通过查看Java错误日志分析，主要有两条错误内容：

org.redisson.client.RedisTimeoutException: Redis server response timeout (10000 ms) occured for command: (HSET) with params: [redisson_spring_session:0e4db6b7-bb7a-4050-949f-d6b182e8ccd0, PooledUnsafeDirectByteBuf(ridx: 0, widx: 26, cap: 256), PooledUnsafeDirectByteBuf(ridx: 0, widx: 32, cap: 256)] channel: [id: 0xbfc0a52c, L:/172.20.20.9:22454 - R:/172.20.20.9:7002]

第一条日志是因为redis 服务器地址链接超时，导致HSET写入数据失败。

org.redisson.client.RedisTimeoutException: Unable to send command: (HGET) with params: [maintained-flag, PooledUnsafeDirectByteBuf(ridx: 0, widx: 5, cap: 256)] after 3 retry attempts

第二条日志是也是因为链接超时，导致HGET查询失败，并且重试了3次还是查询失败问题。

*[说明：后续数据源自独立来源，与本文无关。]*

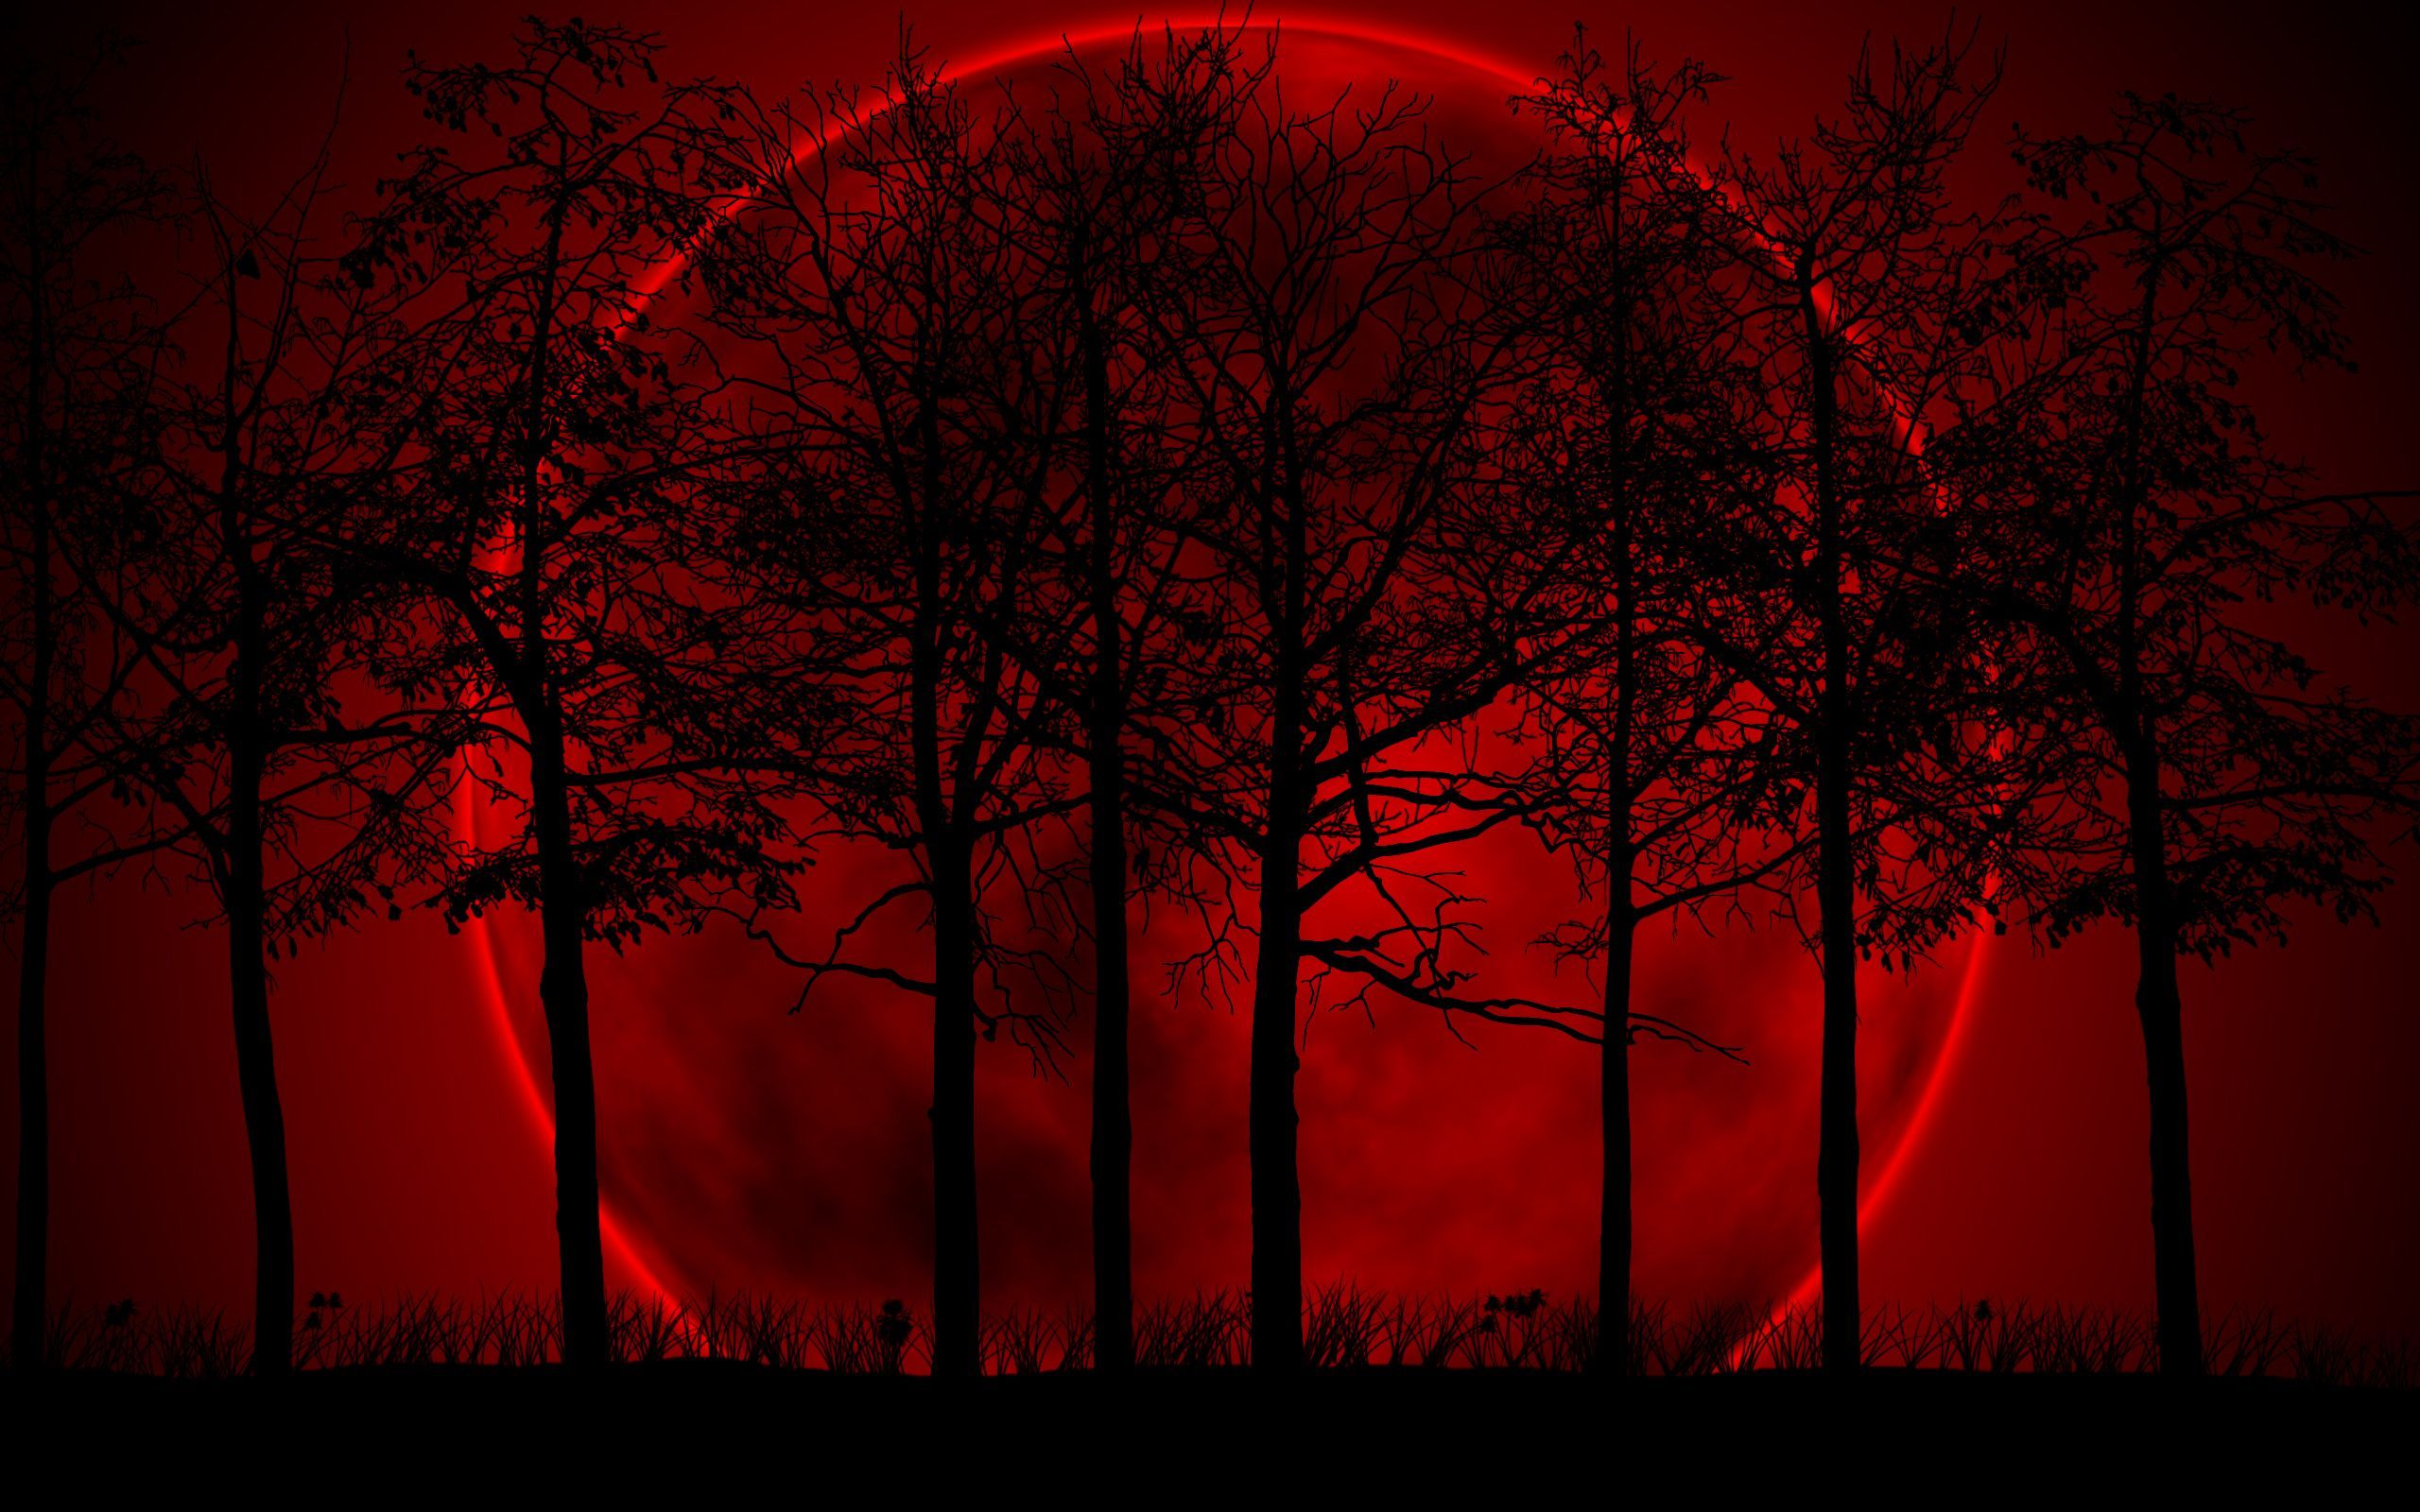 Red Moon Wallpapers

总结：通过上述错误的Java日志分析出问题出现在Redis集群中，然后又找了Redis的日志进行查看。发现集群日志中有 redis cluster fail 问题，节点出现异常，集群启动自动恢复的机制，导致有些redis 客户端链接无法正常写入和查询redis 数据，所以出现了用户注册和登录异常，我们来分析一些redis 集群自动恢复的日志。

Redis 错误日志

生产环境redis 集群出现fail 问题，自动恢复时，导致业务出现繁忙问题，分析可能导致集群节点问题的原因：

业务接口被刷，导致大量查询命令堆积，形成redis慢查询，导致出现网络超时

通过redis 慢查询命令 SHOWLOG GET 来分析哪个查询命令导致集群崩溃了

http://redis.cn/commands/slowlog
cluster-node-timeout 时间内网络超时，redis节点自动重新下线进行选举
rdb 备份同步大量数据到Redis 服务器中，服务器性能下降，出现网络超时

下面我们查询下Redis 日志，同时看下redis 集群恢复过程：

redis 集群节点

redissrv1:7001> cluster nodes

191e4f15c0de39efe1ab9248bd413c9fdb2dddec 172.20.20.10:7005@17005 master - 0 1601964809000 11 connected 10923-16383

00fced34f12176c1a229211be9a3d579a51091df 172.20.20.9:7003@17003 slave 9a28b0084c1486ceb0bca3c45f2554d79041e57d 0 1601964810090 9 connected

d1fbc46714f89985ce45445b07355869085b2e7e 172.20.20.9:7002@17002 slave 191e4f15c0de39efe1ab9248bd413c9fdb2dddec 0 1601964809090 11 connected

9a28b0084c1486ceb0bca3c45f2554d79041e57d 172.20.20.10:7004@17004 master - 0 1601964807087 9 connected 5461-10922

599f153057aae0b5ef2f1d895a8e4ac7d0474cec 172.20.20.10:7006@17006 master - 0 1601964809000 10 connected 0-5460

219e9a5cb2898bf656ff4bf18eeadc1467ae8dd8 172.20.20.9:7001@17001 myself,slave 599f153057aae0b5ef2f1d895a8e4ac7d0474cec 0 1601964808000 1 connected

当前这份日志只分析了出现错误的节点，但是当redis 集群一个节点出现问题之后，其他集群节点也会打印出相关的集群错误日志，这里不做过多赘述。

4233:C 01 Oct 07:58:09.005 * RDB: 8 MB of memory used by copy-on-write

8971:M 01 Oct 07:58:09.072 * Background saving terminated with success

8971:M 01 Oct 07:59:50.030 * 1000 changes in 100 seconds. Saving...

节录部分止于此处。